Doesn’t seem so sensational when it can’t build binaries for the target machine… on the target machine itself…

fsniper 2 years ago | | |

Title suggests when using clang, built binaries can't be run on this device. It means it can't build for this architecture at all. But the post eloborates that it's possible to build for this architecture, it's just incorrectly targets another one. It would not matter if it's on the same architecture, or cross compiling. The capability is there. It requires you to be explicit about which architecture you are targeting.

A default for targeting is incorrect, and/or an architecture identification is buggy. But binaries built for Pi B+ - when using correct targeting arguments - can be run on Pi B+.

Now if the title is using wording that suggest a functionality is not there anymore vs the reality, where defaults or identification are incorrect, wouldn't that mean that is hunting for sensation?

cbmuser 2 years ago | | |

It’s sensational because it’s wrong. LLVM still supports even ARMv5T which is the baseline of Debian’s armel port.

dagmx 2 years ago | | |

It can, it just doesn’t by default. Which is what the person you’re replying to is saying.

sovietmudkipz 2 years ago |

Oh cool so this is kinda how one might debug why a program isn’t running on arm. I have a Unity Linux build that I can’t get running inside a container. Unity mono is trying to make a system call that isn’t available, even after passing in the amd64 flag to docker when running the container.

I haven’t debugged it because I found a work around (enable development mode, change build settings so mono isn’t used). I should return to it at some point, just to learn more.

vkaku 2 years ago |

clang has been broken for a while in the last few versions. Many issues were left unfixed and development moved to 17.0.0 when they should have fixed those as point releases for 16.0.x instead (patches were available and not integrated).

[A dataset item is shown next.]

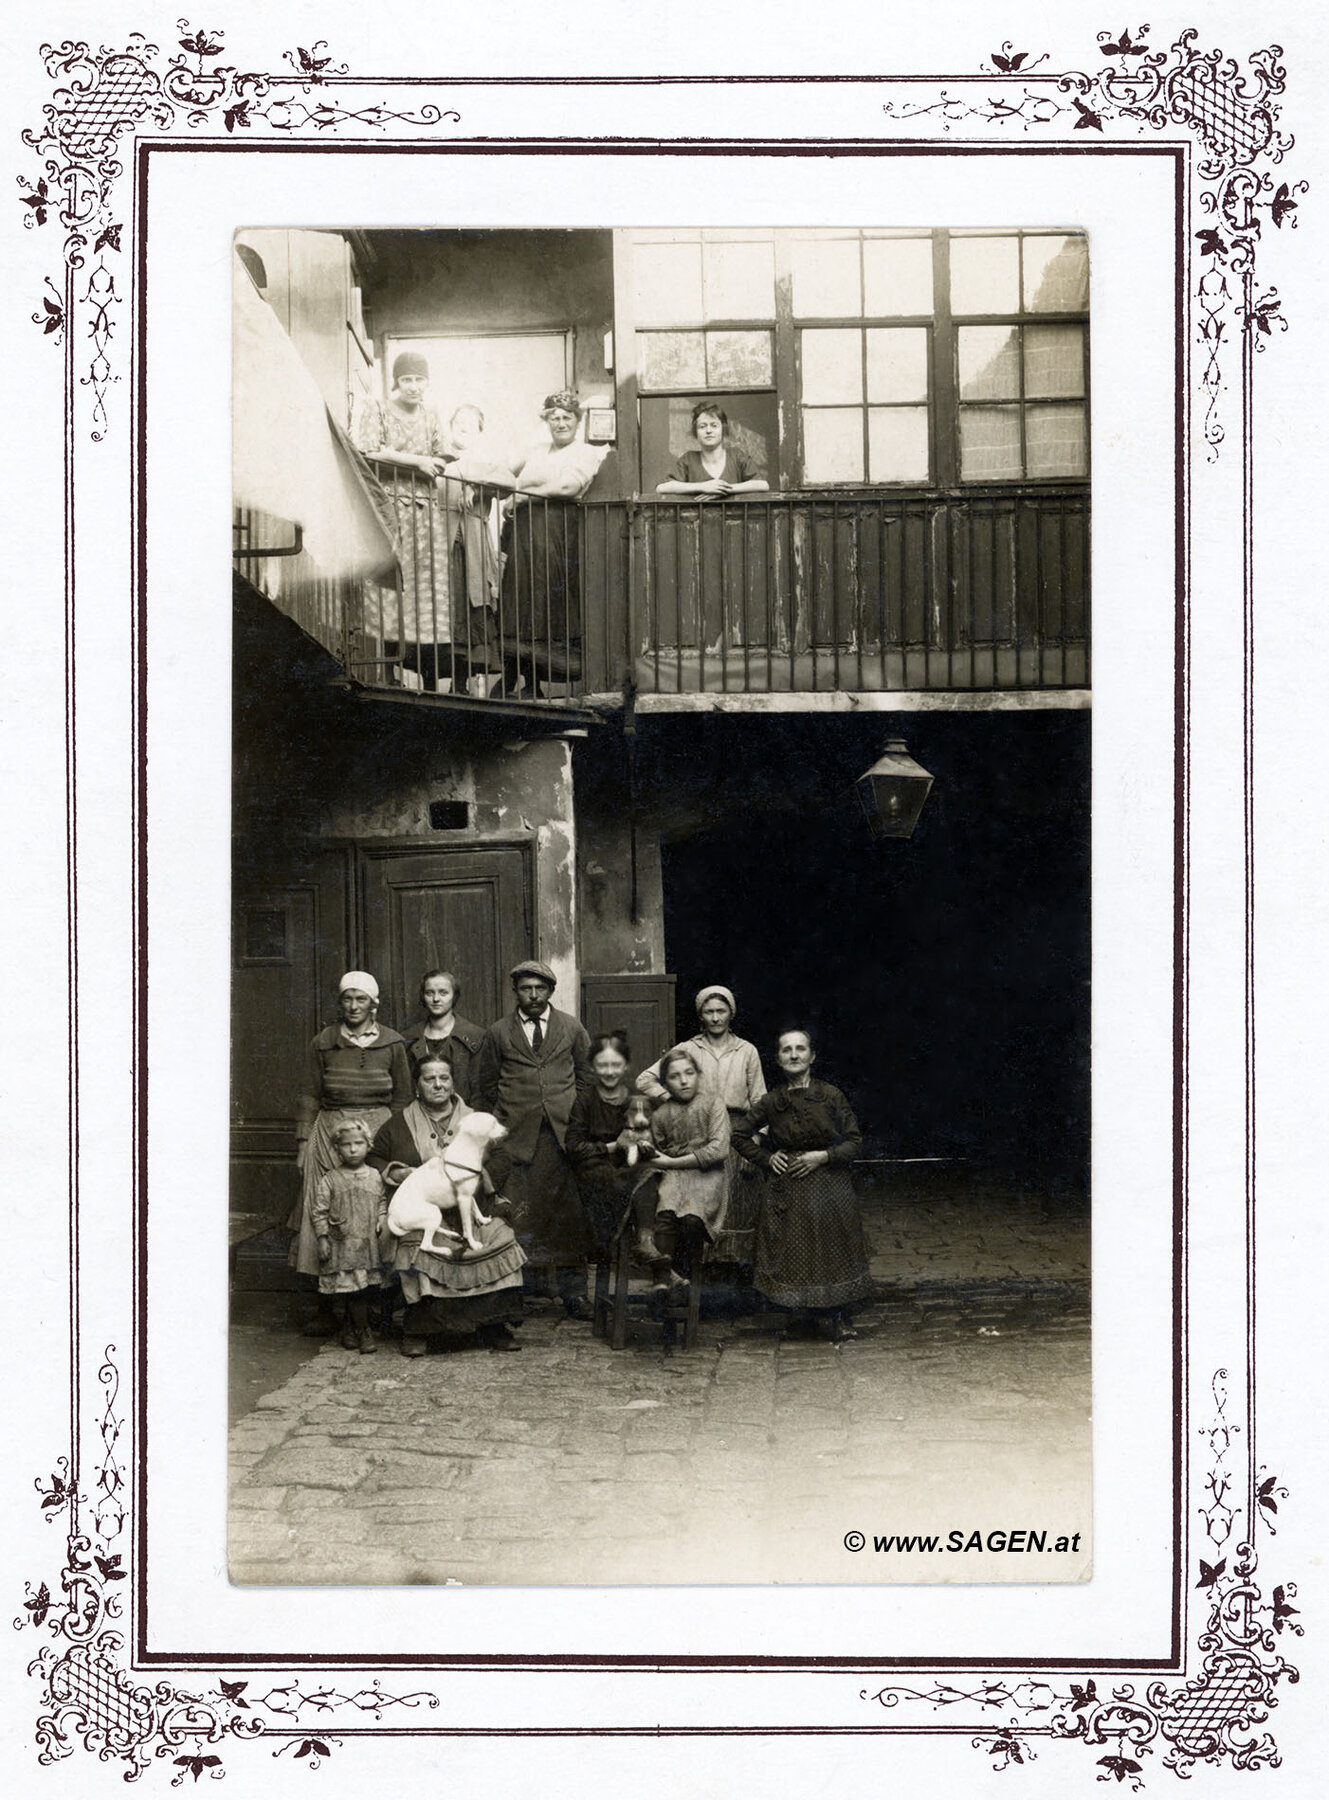 Wien, Bewohner im Hinterhof im Jahr 1910

In this particular case though, the end processor/native detection seems to be failing and clang feature detection gets armv7l as native (or could just be the default generation option). Looks like a good bug to report, if only we get the good clang folks who will take the time to land a fix.

I have been playing around with zig. My current focus will be on not using broken compiler backends for a while.

frizlab 2 years ago |

Title is misleading

eimrine 2 years ago | |

Because "as a default" statement is missing?

jenadine 2 years ago | | |

Yes.

It now sounds like it is completely broken. But you can just fix it with a flag. And the change of default was probably an unintentional bug.

blahgeek 2 years ago | |

Yes. It should be “clang does not correctly detect host architecture in raspberry pi B+”

usr1106 2 years ago | |

Aka called clickbait. Although the bug and the workaround are useful to know for everyone working with that machine.

johnklos 2 years ago |

You'll see a whole bandwagon of people saying things like, "supporting old hardware is BAD! It takes time and money that nobody has!", as though someone needs to be hired to sit around and do nothing but pore over code and constantly rewrite code for old hardware.

There's plenty of evidence to the contrary, but since when has evidence mattered when it comes to defending the right of big business / big distro to do whatever they want? ;)

Really, this is just laziness and sloppiness on the Linux distro makers' part. Any amount of testing would catch this. Thanks, Rachel!

1vuio0pswjnm7 2 years ago |

"I guess nobody still runs these old things anywhere?"

I have one running BSD UNIX-like OS as I type this comment.

auselen 2 years ago |

Confused article? You make a host/native build instead of cross and expect it to work on some other machine?

daviddoran 2 years ago | |

No. Half way through the article she specifically starts doing everything on the B+ (the old RPI with the issue).

auselen 2 years ago | | |

Thanks for that. I didn’t notice she switch to B+ later.